What lies beyond the ale?

By Pete Brown

- Last updated on GMT

Related tags Cask ale Great british beer festival Beer

Age of enlightenment: building on cask’s established reputation is the challenge facing ale aficionados
Age of enlightenment: building on cask’s established reputation is the challenge facing ale aficionados
At the start of this month we launched the latest Cask Report. You may have noticed it — the page after page of coverage it received in this magazine was hard to miss.

This big splash has become a very welcome part of what is, after five years, something of an annual ritual. Every spring the report’s stakeholders start to have meetings about what we want to focus on. In July I start to get the data I need. In the first week of August I work through a blazing hangover to deliver a rough first draft (always rougher than I’ve promised) to a meeting of the great and good on the second day of the Great British Beer Festival.

Then it’s the mad scramble to design, proof, agree key messages and negotiate wording on any delicate issues, before launching in London in late September/early October to a consensus of yes, we’re all doing very well. Cask ale is in good shape.

The first few times, we attempted to get our message out to the national press, but it fell on deaf ears. “We don’t write about beer” was often the sickening response.

Last year this changed: the report had excellent coverage across various national newspapers, plus national and local radio.
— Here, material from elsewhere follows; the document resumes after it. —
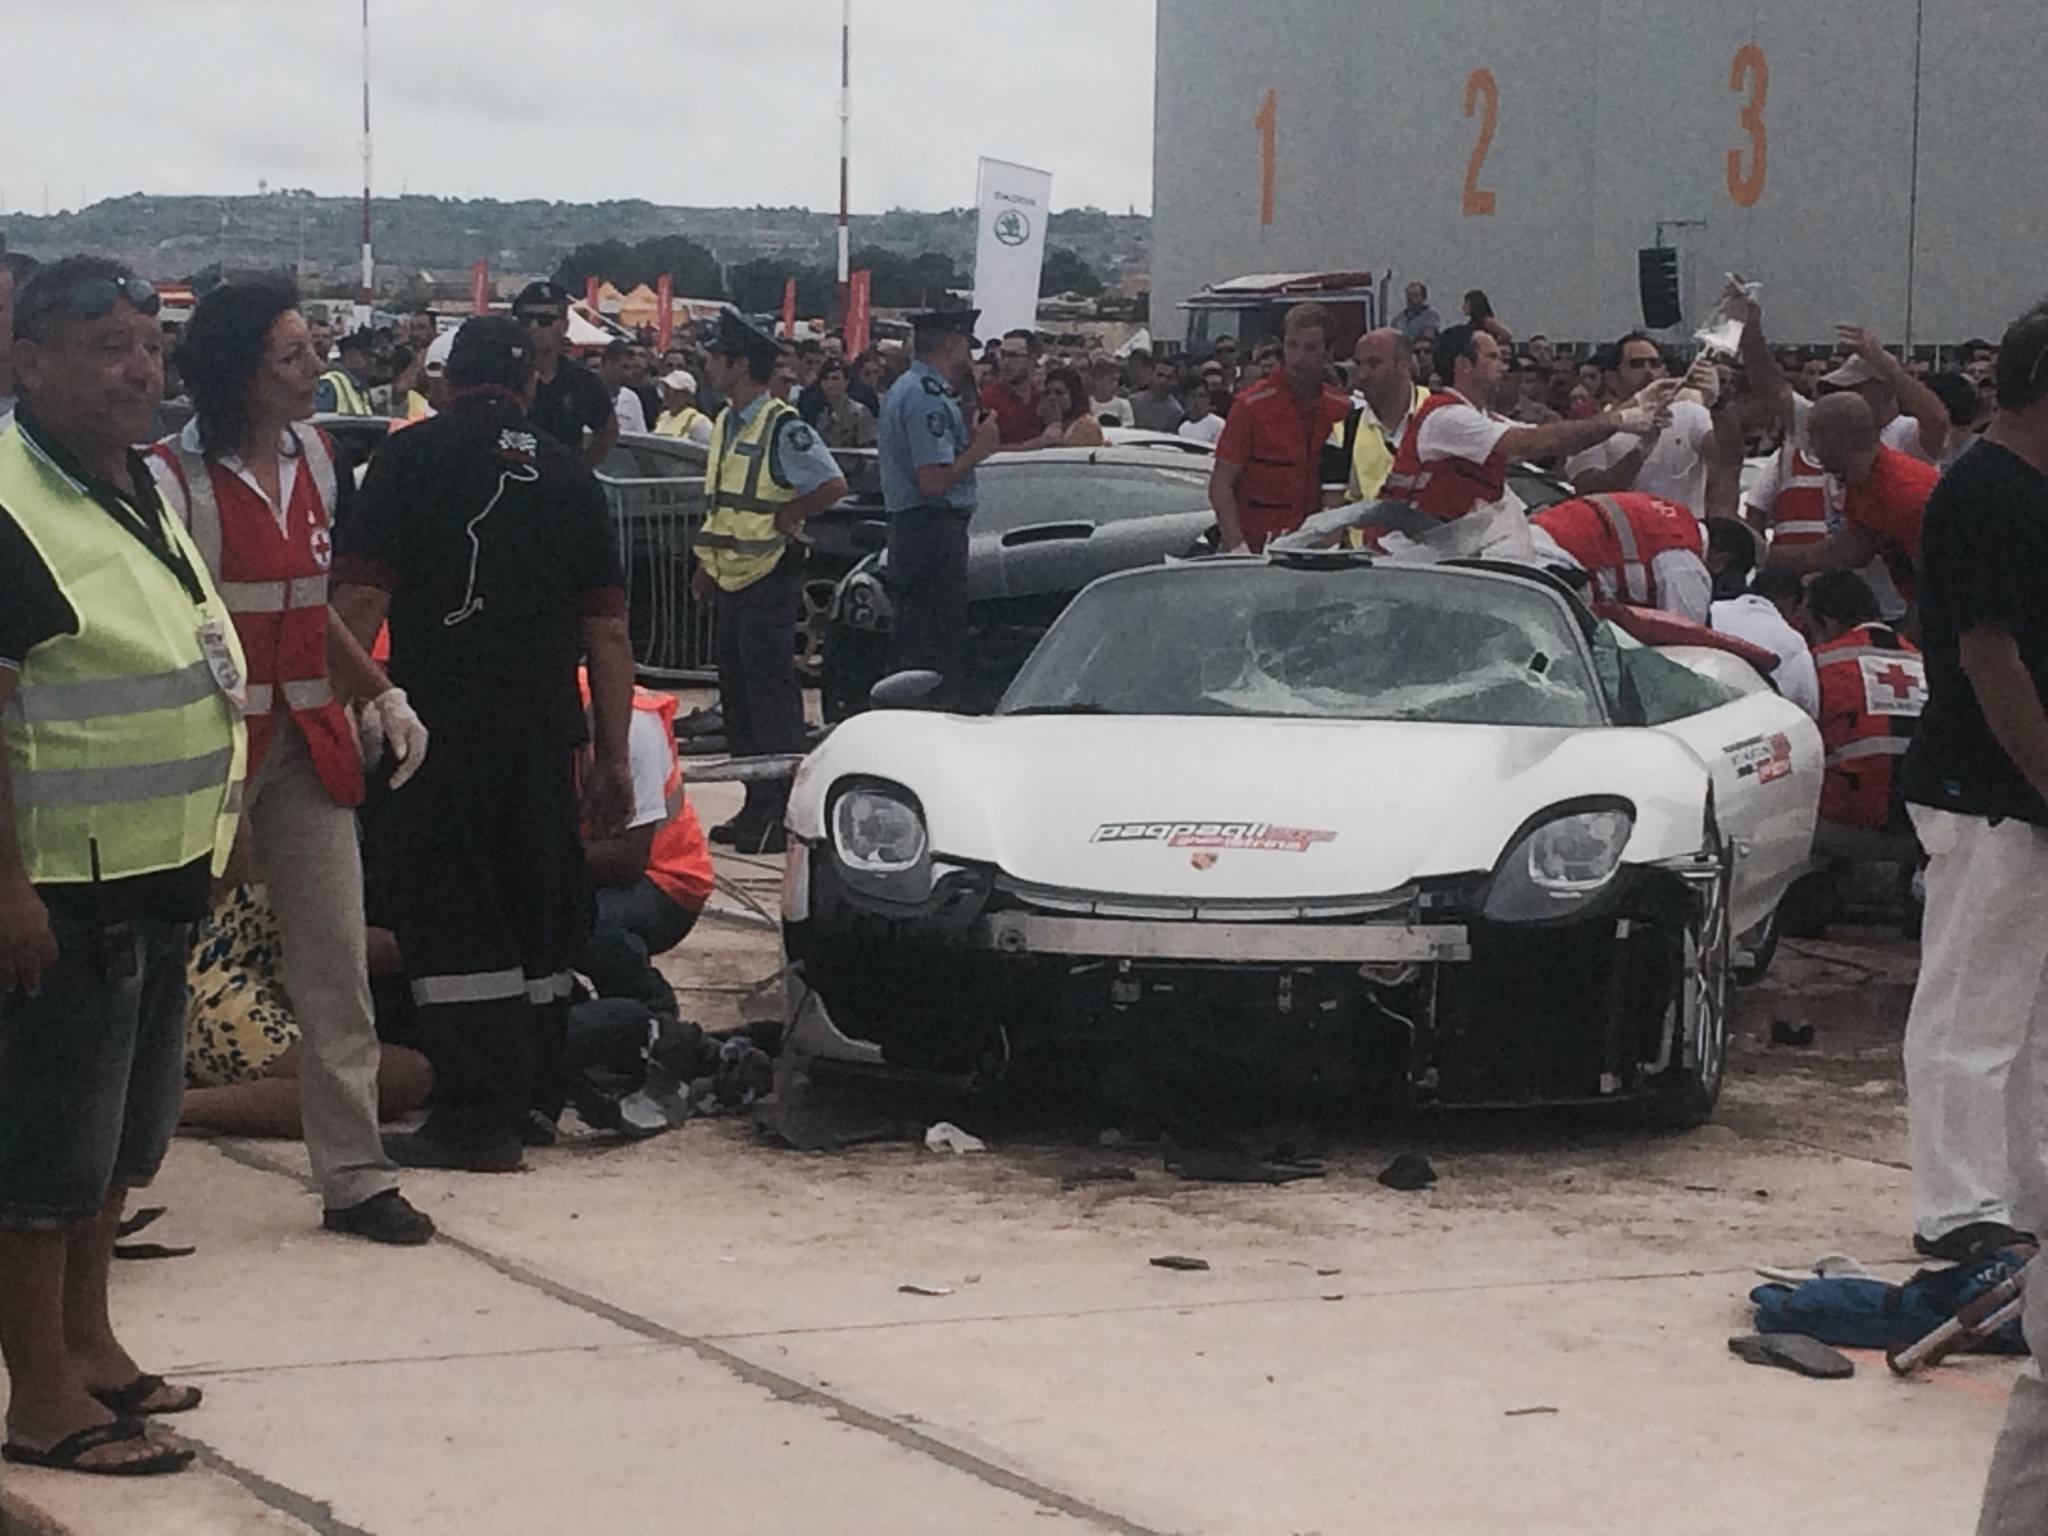 26 People Injured After Porsche 918 Crashed Into Spectators At Supercar Event In Malta Autoevolution

It was brilliant: cask ale was being noticed. The message was getting through.

This year it changed again. We still got some good press, but not as much as last year. Instead, a new response: “Oh, not another story about how well cask ale is doing. We’ve already done this. Sorry.”

Comments on those which did run were similar: “I’m sure I’ve read this article in this publication before…”

When we launched the report, I cited this feedback as a sign of enormous success.

It’s worth remembering that when we started the Cask Report, the general perception (at least to those not close to it) was that this was a drink in long-term, terminal decline.

No one thinks that any more.

I was out for a beer last night with an ad agency who wanted me to explain why cask ale is now so trendy — why even people who don’t like the taste feel obliged to order it when out with their peers in London bars.

(Again, in the report, I cited this newfound fashionability as a huge positive — though as some have rightly pointed out, with this kind of hipness comes the real possibility of a backlash.)

Cask ale is in fine fettle – and everyone knows it. The momentum behind promoting cask (of which the Cask Report is but one small part) has succeeded in its aim of making cask feel relevant and energetic, bringing in new drinkers — including a sizeable chunk of women and younger people — destroying old stereotypes, and putting cask back on the bar in thousands of pubs. The licensees stocking it are reaping the profits of doing so.

But we have a tendency towards pessimism in our industry. After I finished my launch presentation, people approached me and said, “So, you’re saying people are bored of hearing about cask ale then?” or even “So, people are bored of cask ale?”

That’s not what I said at all.

What I said was that people have got the message that cask is in revival, doing much better than it was.

We’ve been saying this for several years now, and they’ve heard us, loud and clear.

Hard though it may be for long-term campaigners and real-ale fans to believe, the perception battle has been won. I’m not saying anyone is bored of cask. I’m saying that now we have to build on this, and stop repeating the same things about cask.

The Cask Report (if it appears again) and anyone else committed to spreading awareness and appreciation of real ale now has the freedom — and the obligation — to start focusing on more detailed messages about why people should be interested in cask, now that it’s back.

We could collectively shift our main focus to education about beer styles, or diversity of flavour, suitability with food, ingredients, provenance or simply bloody good stories.

But whatever we do, we have to answer the question: “OK, cask ale is back. I get it. I’m listening.